Zij stromen voornamelijk door naar:
-    de arbeidsmarkt
-    HBO5-opleidingen
-    Een beroepsgerichte Se-n-Se
-    Se-n-Se voorbereiding hoger onderwijs

Aandachtspunten voor ouders
  • Volgens het participatiedecreet moeten (ontwerp-)beslissingen m.b.t. het studieaanbod voor overleg voorgelegd worden aan de schoolraad. Overleggen omvat meer dan informeren! Ga het gesprek aan.
  • De planning van het Katholiek onderwijsaanbod gebeurt per bisdom in de Diocesane Planificatie en CoördinatieCommissie (DPCC). Deze procedure is aan een strikte timing gebonden.  
  • Het studieaanbod is geen gemakkelijke materie. Aarzel niet om toelichting te vragen.
  • Overleg over de invulling van de differentiatiepakketten, de keuze voor basisopties en studierichtingen is een belangrijke zaak. 
  • Hou steeds het aanbod in de hogere jaren in het oog. Indien er geen continuïteit in studierichtingen wordt aangeboden op een school, is het leerlingenverloop zeer groot.
  • Hou het aanbod van scholen in de buurt in het oog. Het kan verstandig zijn om net die studierichtingen aan te bieden die een nabijgelegen school niet aanbiedt, of om een bepaalde populaire studierichting juist ook aan te bieden.

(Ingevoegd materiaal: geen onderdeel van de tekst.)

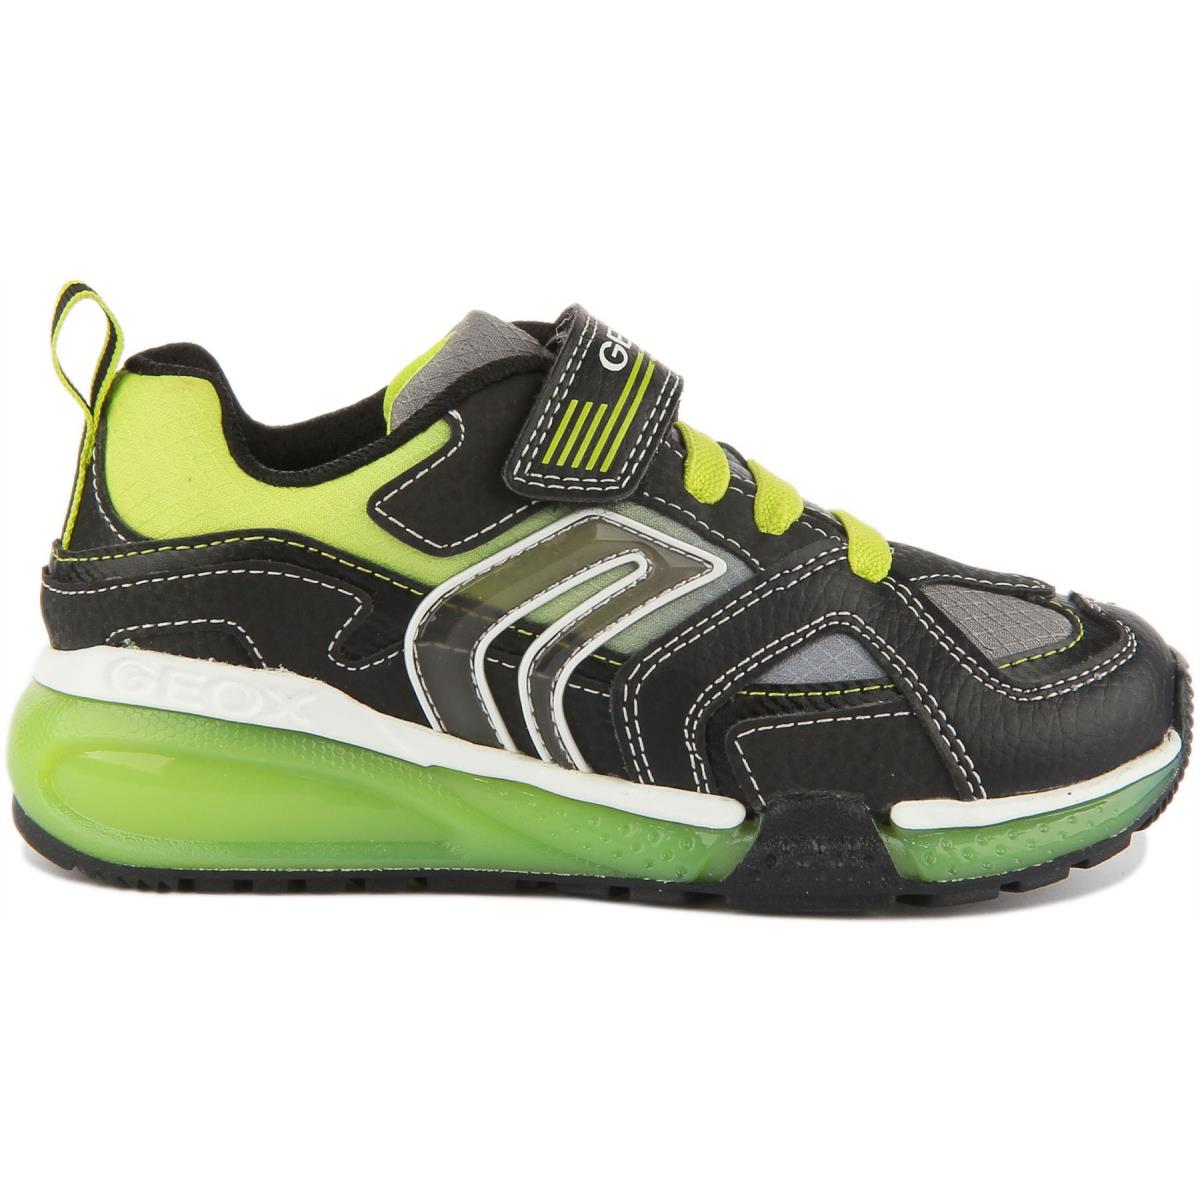 Geox J Bayonyc Boys Single Strap Slip On Sneakers In Black Green Size US 8 - 4

Omvormen tot domeinscholen met nauwe samenwerking met andere scholen in de buurt is een mogelijkheid.
  • Bij de keuze voor bepaalde studierichtingen bekijk je best ook wat infrastructureel en materieel mogelijk is: in sommige studierichtingen worden bepaalde materiële vereisten opgelegd aan de school.